Statistical classification of the mode from the frame's own properties — brightness distribution, characteristic patterns, spectral profile — allows automatic selection of the right processing pipeline. The operator switches the mode on the microscope — the software adapts.
Eyepieces with diopter scale. Everything the operator's eye sees through this optics, the camera on the third tube sees too — and can process every single frame.
Improving the image is half the job. The real question is: what's in it?
Object classification in microscopic images is a task that convolutional neural networks handle well. A trained model takes in a tensor (a normalized image of fixed dimensions), passes it through layers of convolutions, pooling, and fully connected operations, and outputs a probability vector across classes. For mineralogy, a class is "olivine" or "pyroxene." For hematology — "neutrophil" or "lymphocyte." For defect inspection — "micropore" or "crack."
The key architectural idea is modularity. Each subject domain (mineralogy, parasitology, textiles, botany) is a separately trained model with its own class set. One platform, many "eyes," each trained to see its own thing. Adding a new domain doesn't require changing the architecture — only a trained model and a configuration.
Inference (applying a trained model to new data) must run on ordinary hardware without a server GPU. Modern runtime engines make this possible: a model trained on a powerful GPU can execute on a laptop with a regular processor — slower, but fast enough for microscopy, where the specimen isn't going anywhere.

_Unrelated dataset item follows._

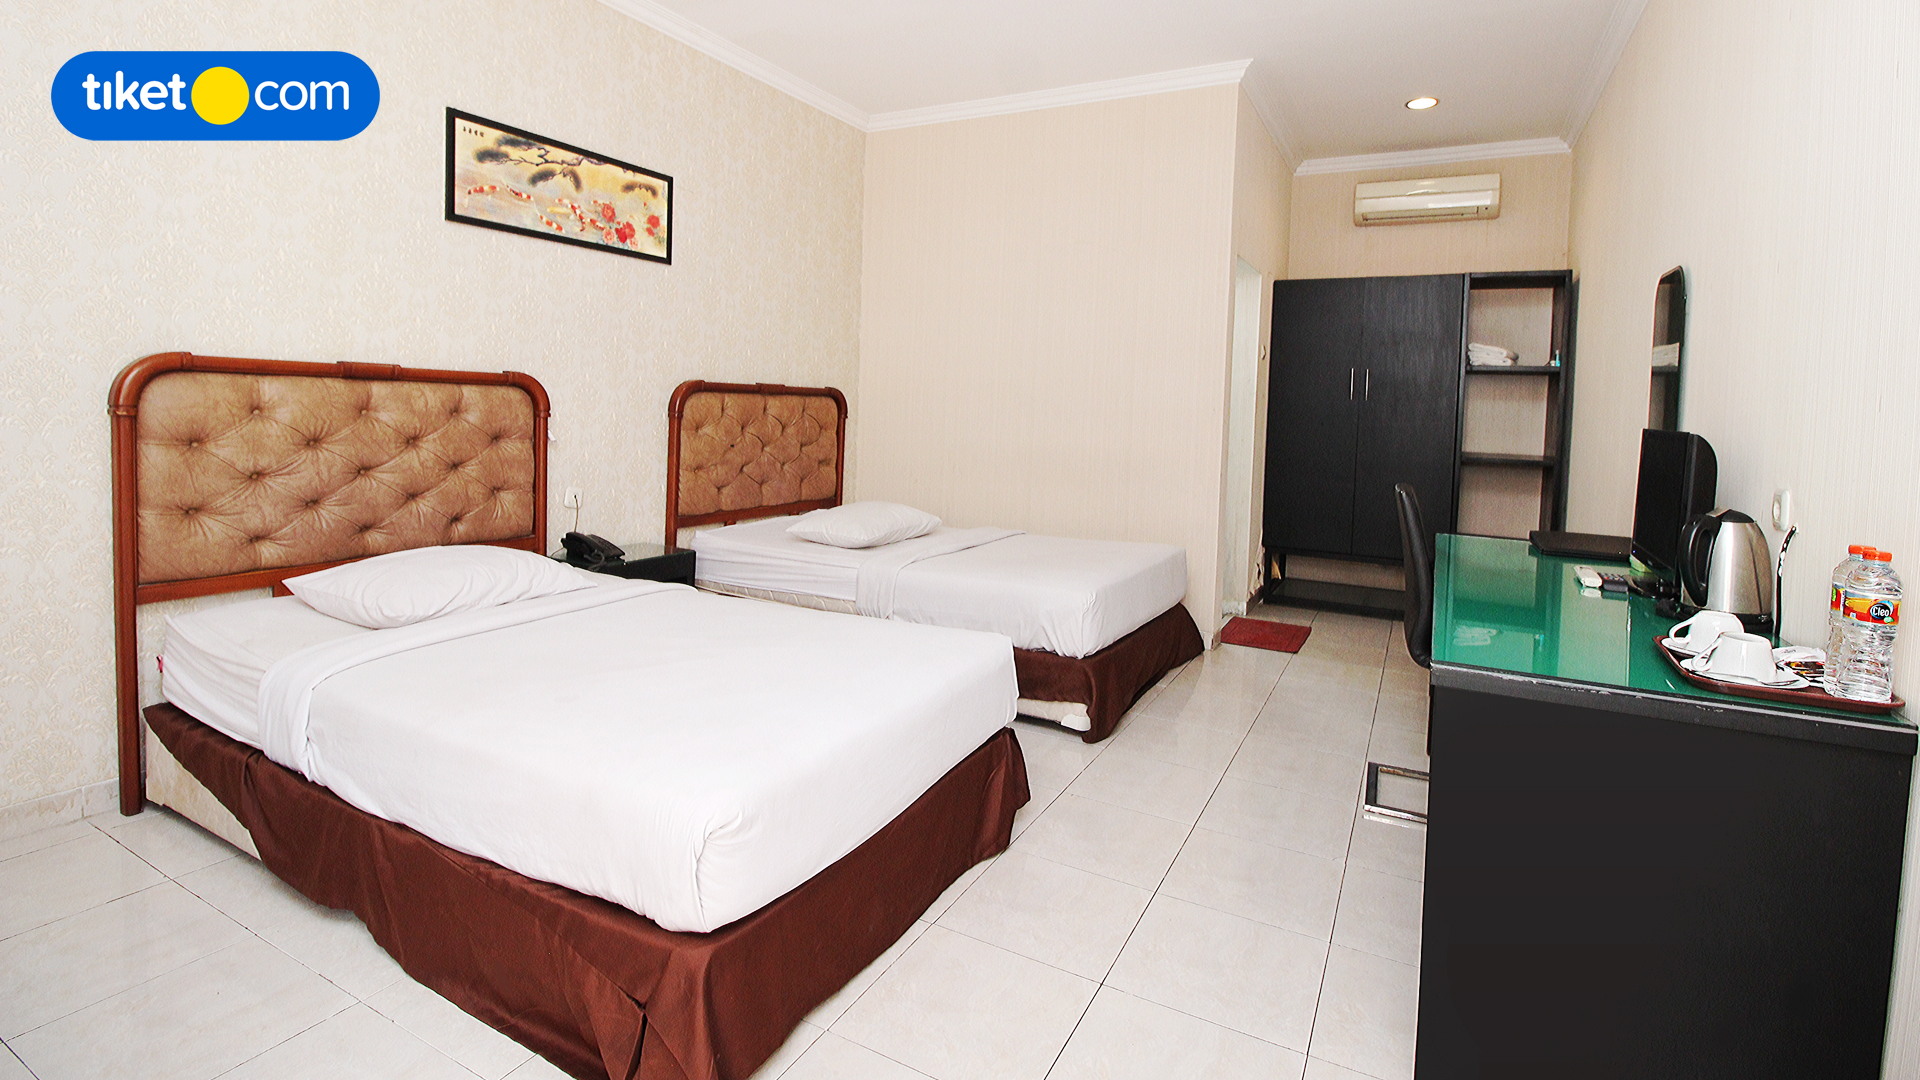 Bedroom 4, Hotel Sinar 3 Juanda, Surabaya

Open datasets are the foundation. The scientific community has published hundreds of annotated microscopic image collections: blood cells, malaria parasites, mineral thin sections, weld defects, textile fibers, fungal spores, plant pollen. Each dataset represents years of researchers' work in manual annotation. Training models on this data is standard practice in modern machine learning.
The diagnostic overlay principle: classification results are rendered on top of the live image. Each annotation is the output of an ML model — class label and confidence score.

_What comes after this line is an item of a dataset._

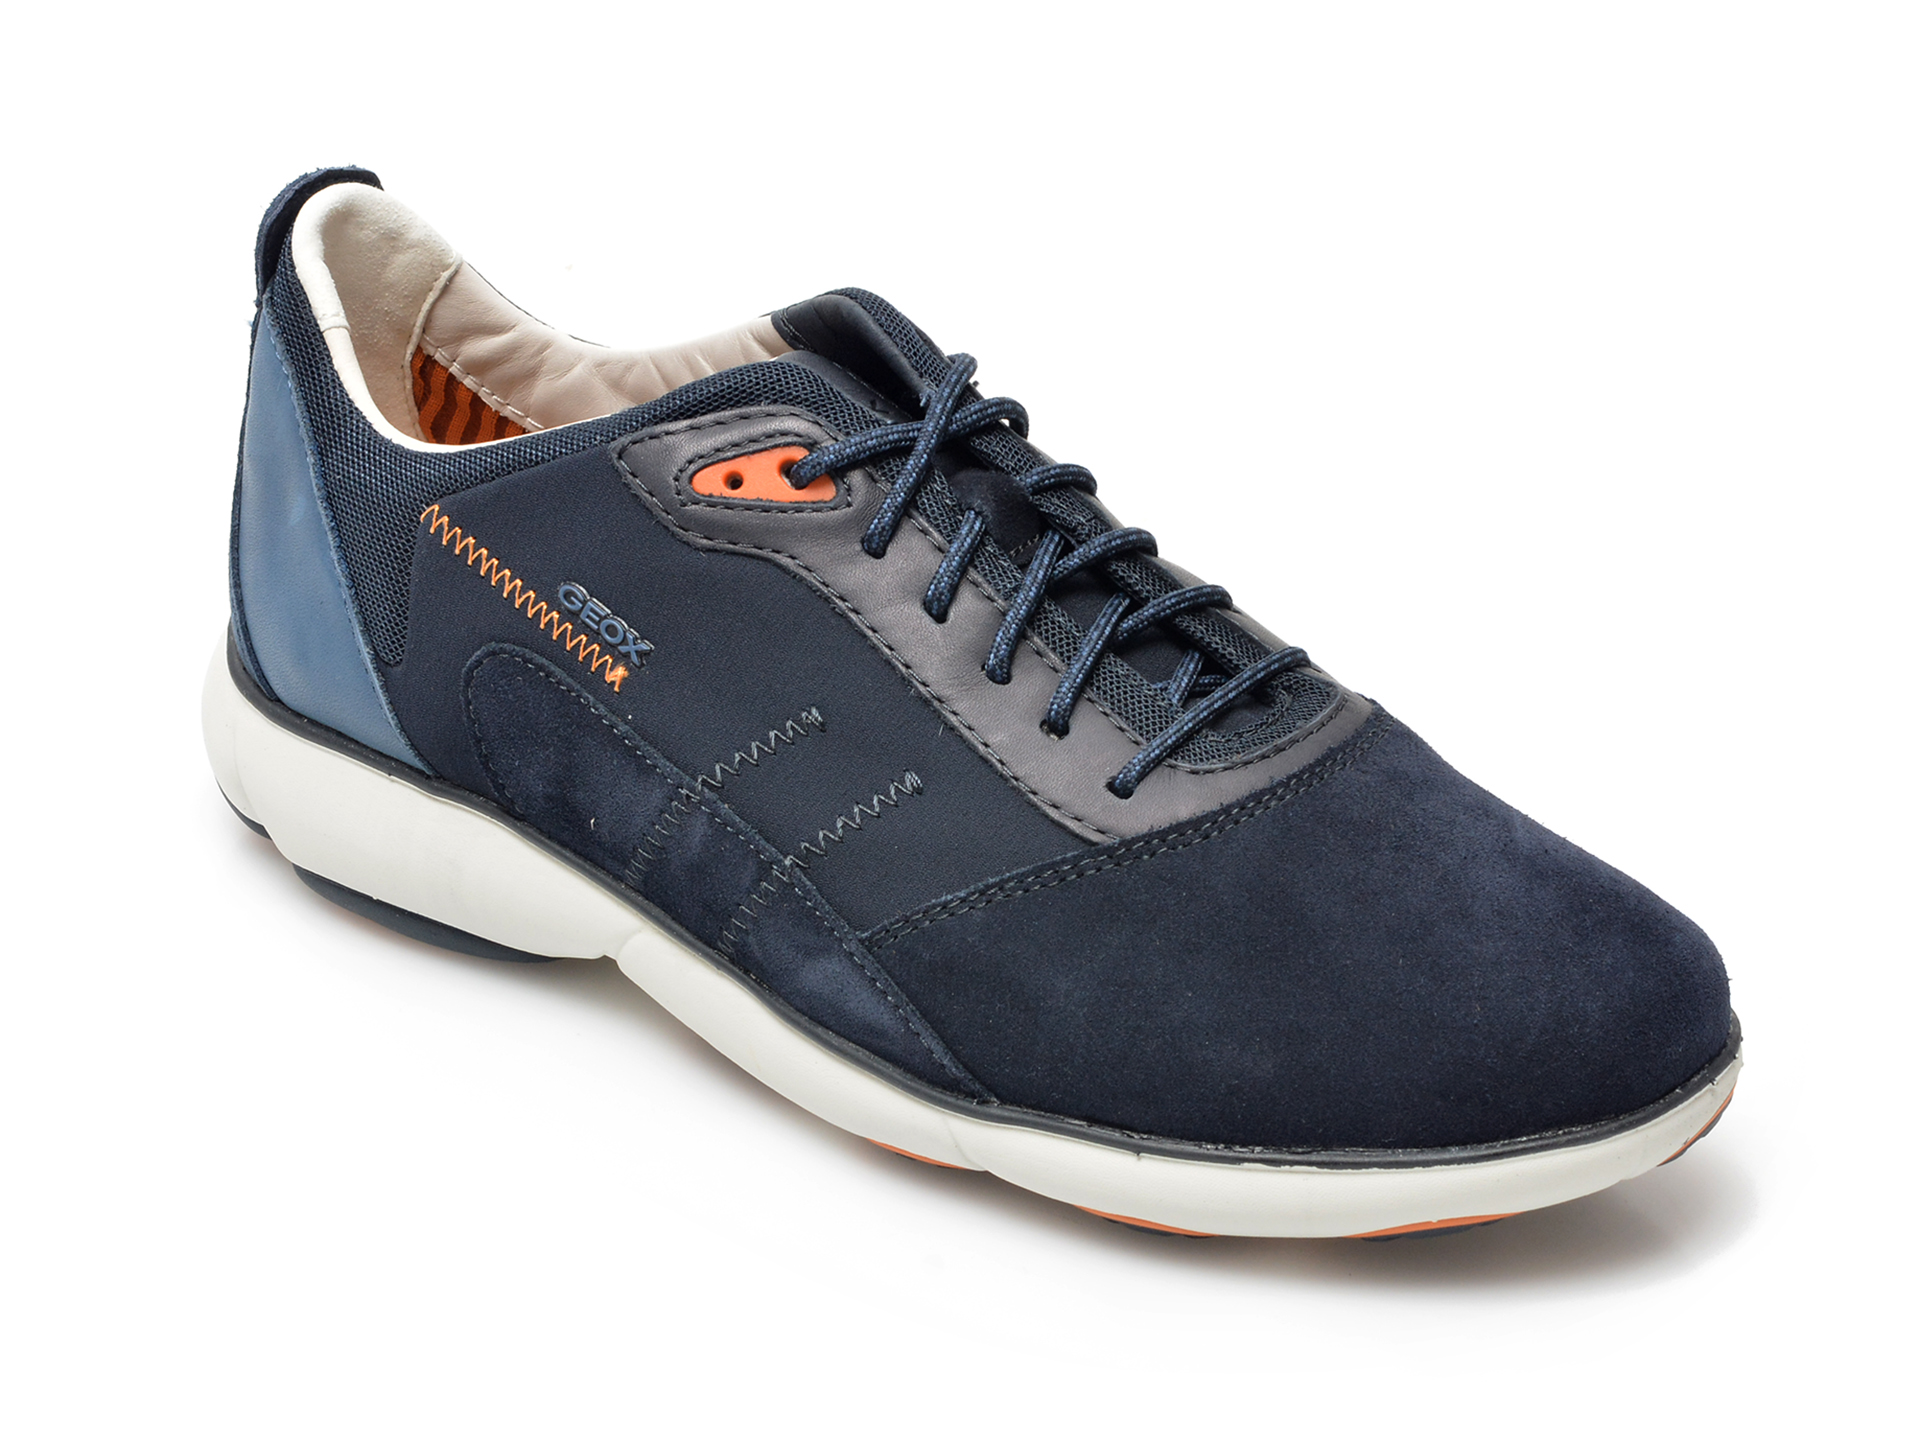 Pantofi GEOX bleumarin, U25D7C, din material textil si piele naturala Geox Geox

A geologist finds a rock in the field and wants to know the mineral composition from a thin section's optical properties — birefringence, pleochroism, extinction angle. A metallurgical engineer examines a weld microstructure — looking for micropores, cracks, assessing grain size. An ecologist filters a water sample and counts microplastic particles. A botanist scrapes a wall and identifies the fungal species by spore morphology. A textile analyst checks fabric composition — fiber type is determined by cross-section shape: triangular means silk, circular means polyester, ribbon-shaped with a lumen means cotton.

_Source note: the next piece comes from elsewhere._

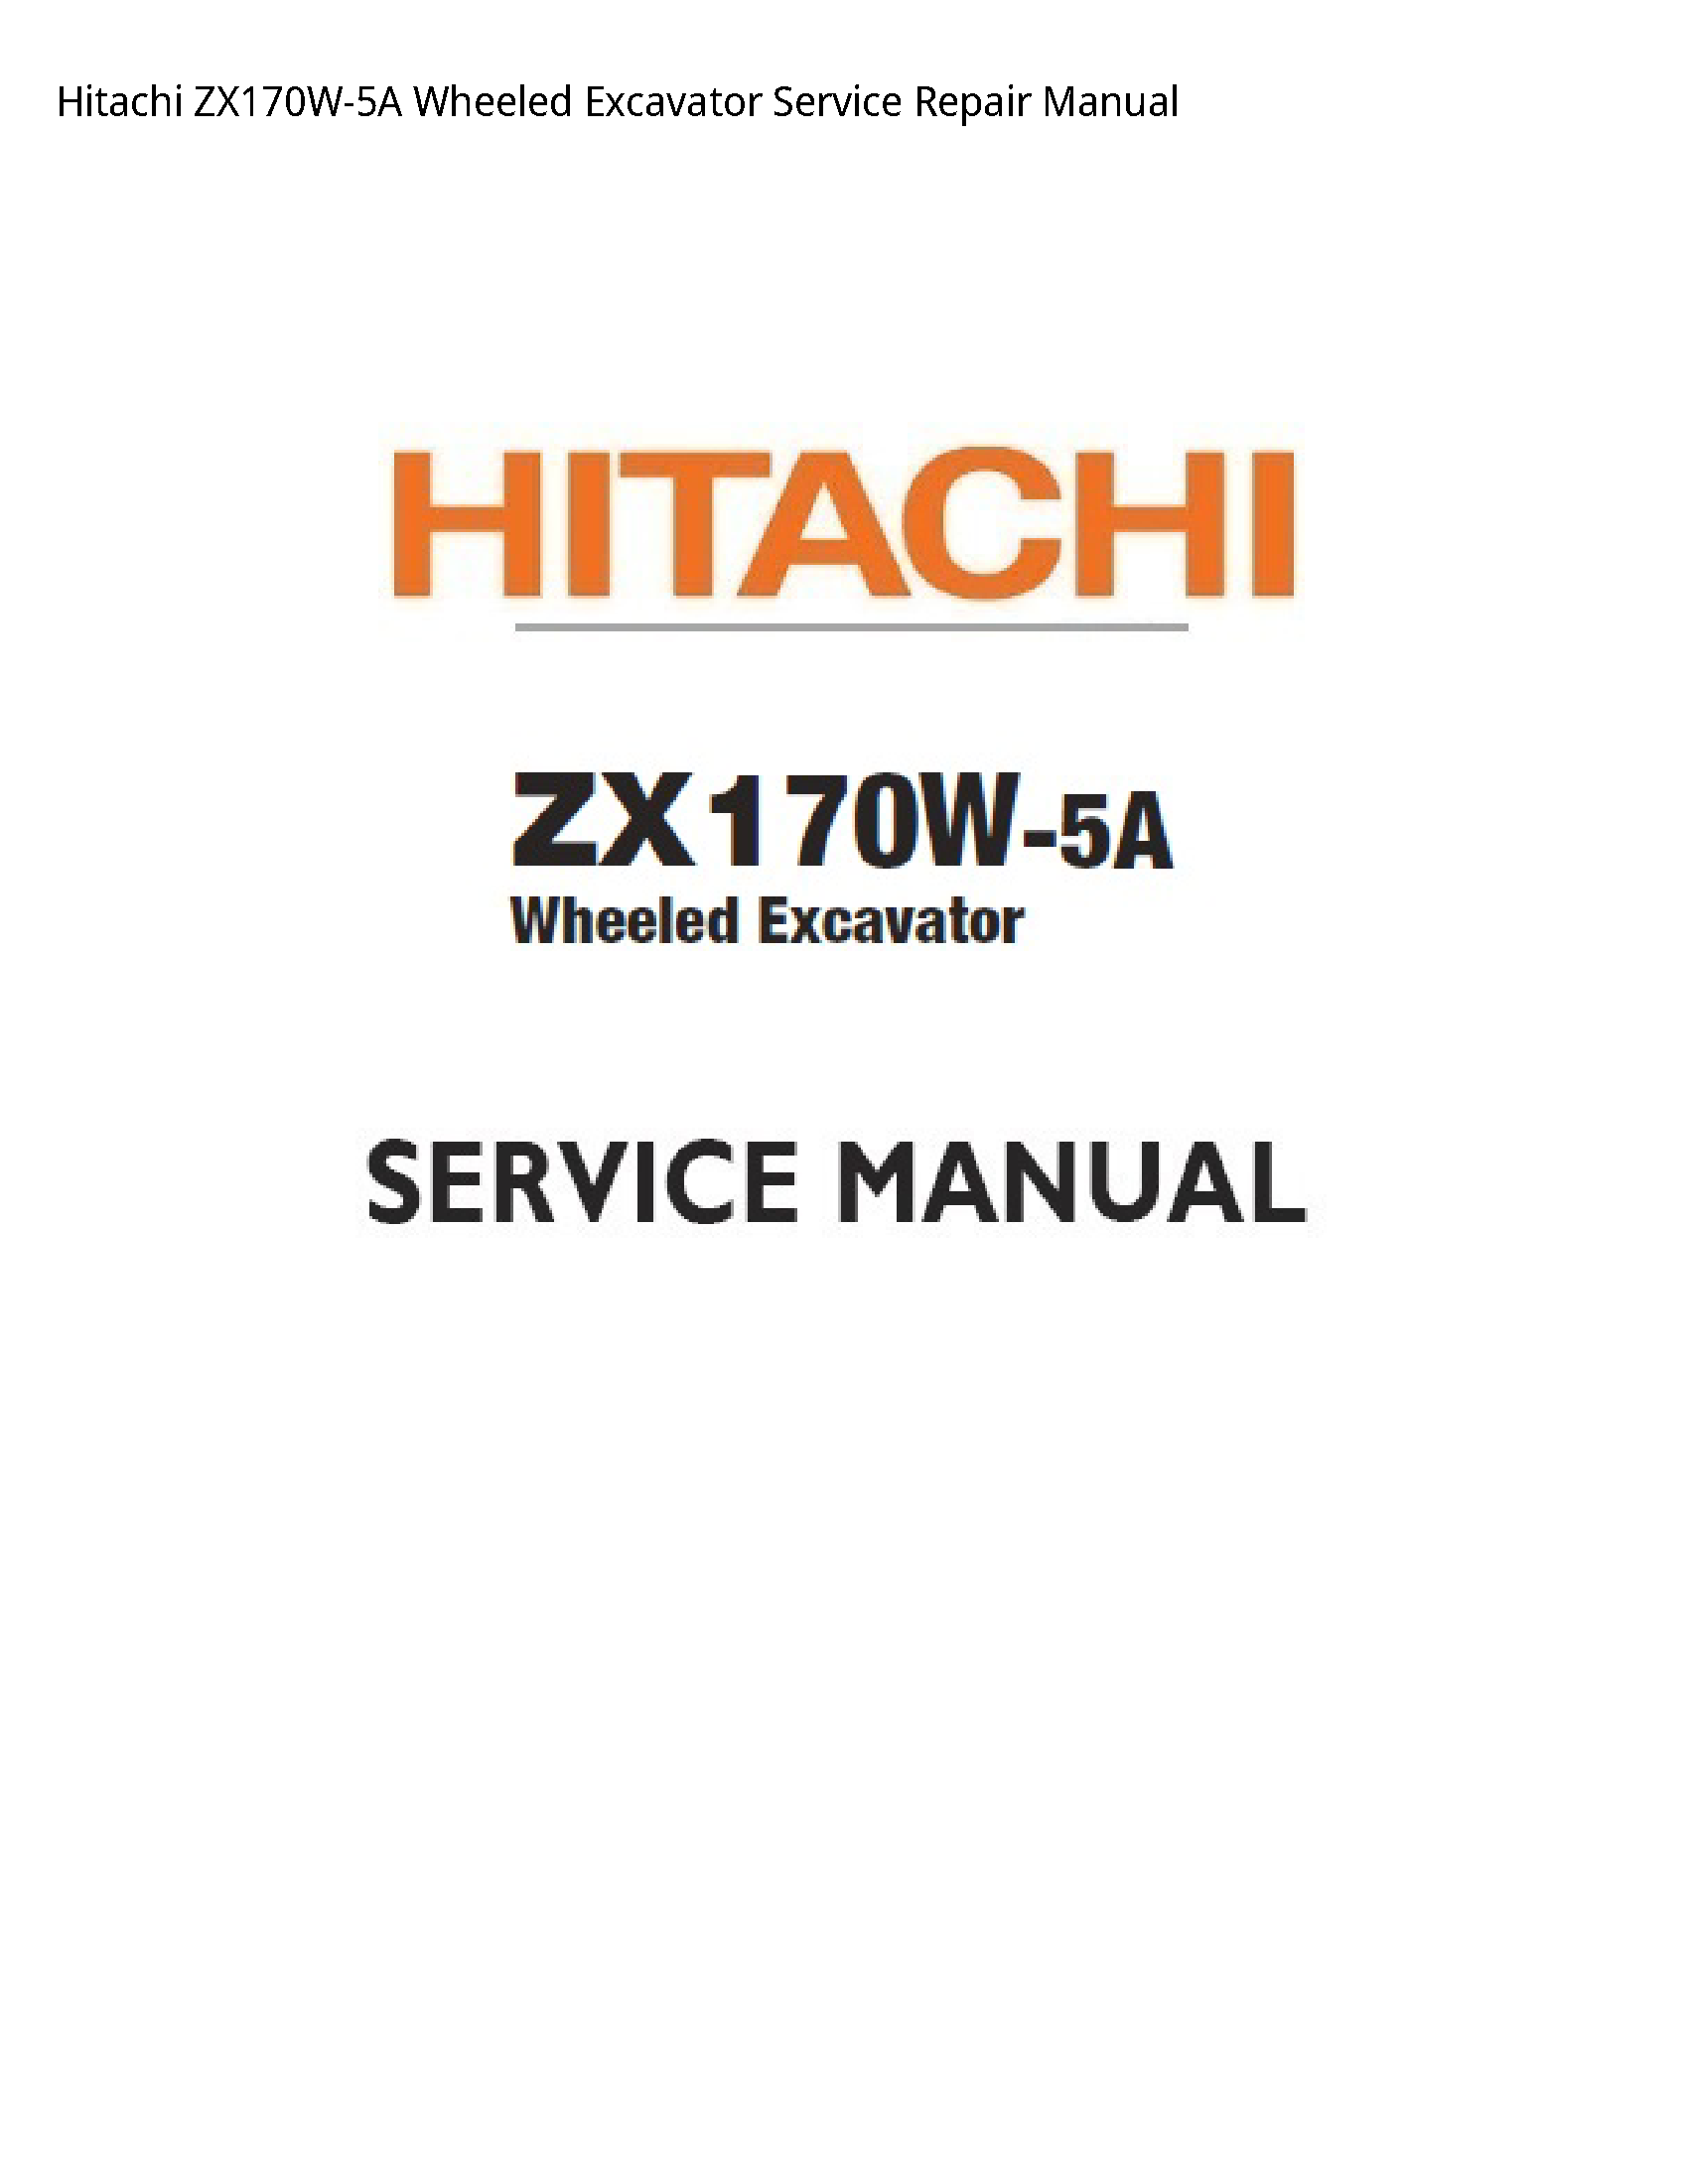 Hitachi ZX170W-5A Wheeled Excavator manual

Each of these tasks is solved by a trained model. Each model is a separate module.
Everything described in this repository is grounded in published scientific work and established theory:
Sharpness evaluation — Tenengrad (Tenenbaum, 1970), Laplacian Variance (Pech-Pacheco et al., 2000), Vollath F4 (Vollath, 1987), Normalized Variance (Groen et al., 1985)
Zone system of exposure — Adams A., The Negative (1981)
Diffraction-limited resolution — Rayleigh criterion, d = 0.61λ/NA
Microscopy modalities — Zernike (phase contrast, Nobel Prize 1953), Nomarski (DIC, 1952)
Convolutional neural networks — LeCun et al. (1998), He et al. (ResNet, 2015)
Edge inference — ONNX standard (Open Neural Network Exchange)
This repository documents a research process. It contains no executable code, no medical recommendations, and no commercial products. All principles described are based on published scientific work.